Elizabeth Catharina Strydom
Died 1814

Mattheus Booyens
Died Circa 1816

Anna Gouws
Died 1843

Daniel Jan Andries Booyens


of the Traka in the South Karoo (1824); and the Tarka east of Cradock (1842) 1
Stock Farmer 2
Born 18 December 1790 3
Baptised 11 October 1791, Drakenstein 4
Died Circa 1863 5

Notes:

The first time we meet Daniel Jan Andries after his 1790 baptism, is on 27 November 1809 in Swellendam, at the time the most easily accessible Dutch Reformed Church from Schilpadbeen, his father Mattheus' farm on the Upper Olifants River at the eastern limit of the Little Karoo. On this day, he is witness to the baptism of the first young man bearing the Booyens name in the next generation: Matthys, son of second eldest brother Barend Matthys.

By 1813, the parish of George, on the South Coast behind the great barrier of Outeniqua Mountains, is the nearest Dutch Reformed Church parish.

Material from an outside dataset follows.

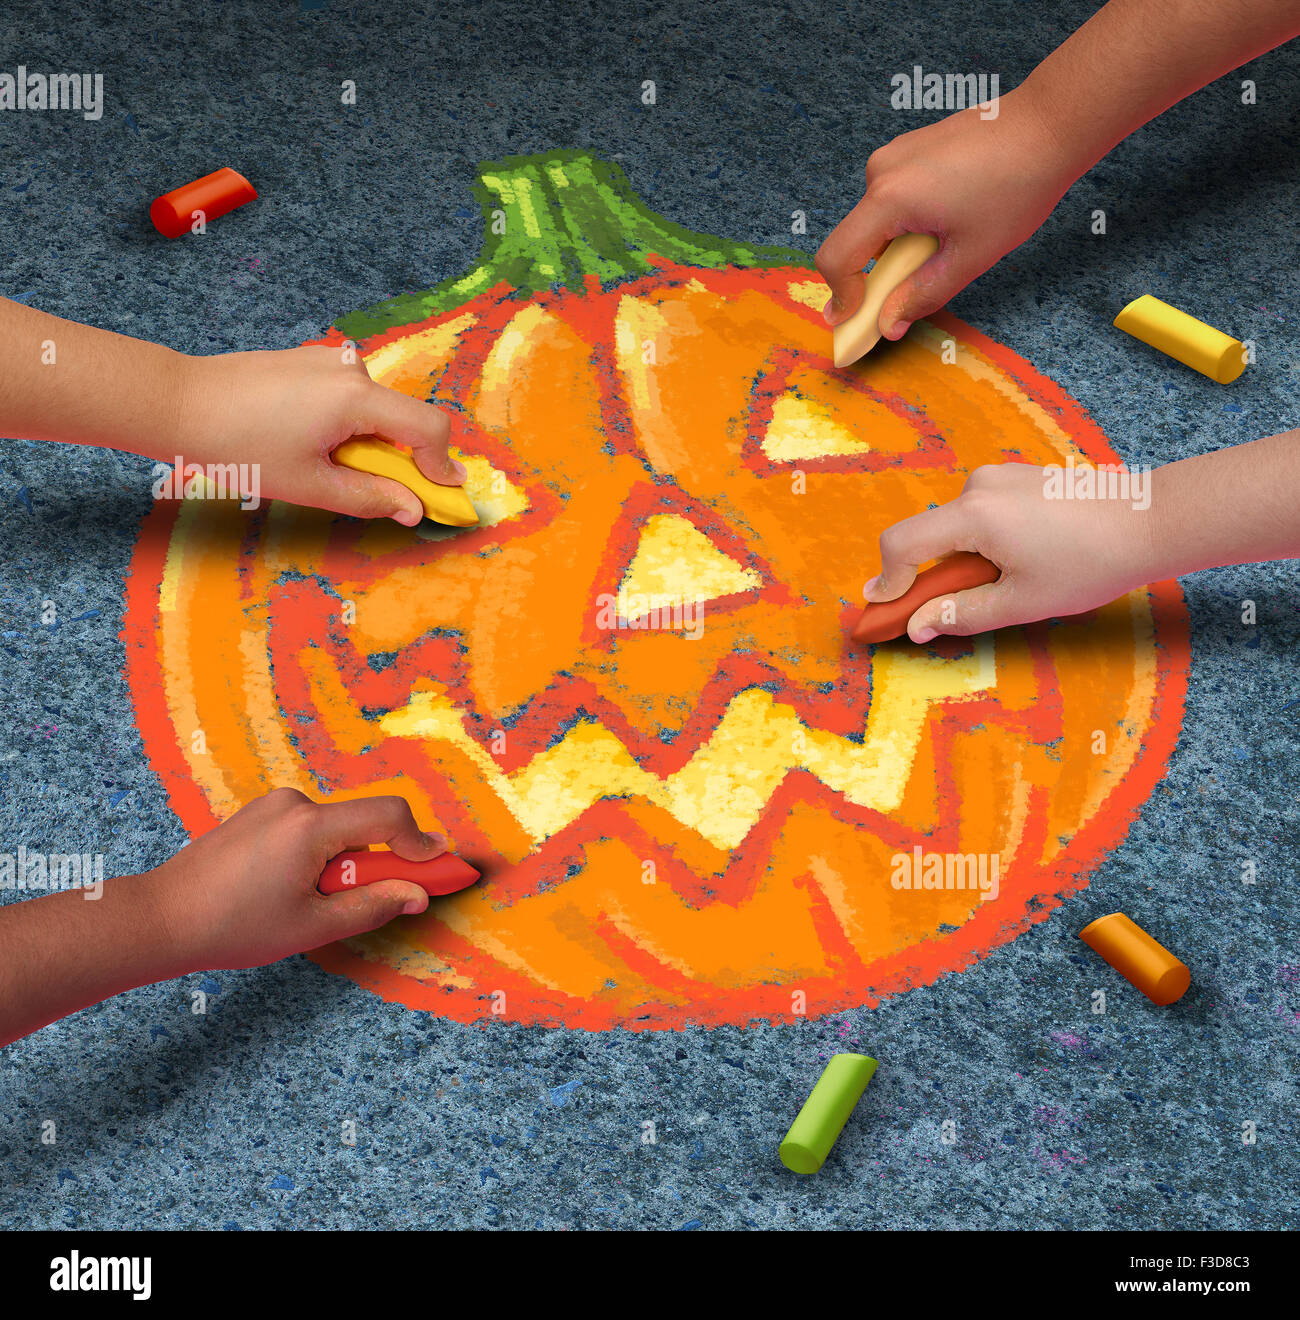 Halloween children drawing a jack o lantern pumpkin with chalk on the outdoor pavement as festive autumn season symbol for community participation in fun activities. Stock Photo

It is also the newest. On 13 February 1814 he again serves as baptism witness [#1], for two of his brothers in this parish. Their abode is given as Keurfontein, near Schilpadbeen and not far from the hot springs at Towerwater. It is reasonable to conclude that Daniel, as unmarried younger brother, also resides at Keurfontein.

After his marriage, we find him baptising his first child at home on 10 September 1821. The baptism is served by the Beaufort Parish of the Dutch Reformed Curch, but is conducted at home in what the entry refers to as "Winterhoek". We can only assume this refers to the little spot known as Winterhoek, squirreled behind the Groot Winterhoek Mountains near Steytlerville (below, between the two ranges of mountains). It is situated at the foot of the highest mountain in the Southeast Cape, known today as Cockscomb (the peak in the image).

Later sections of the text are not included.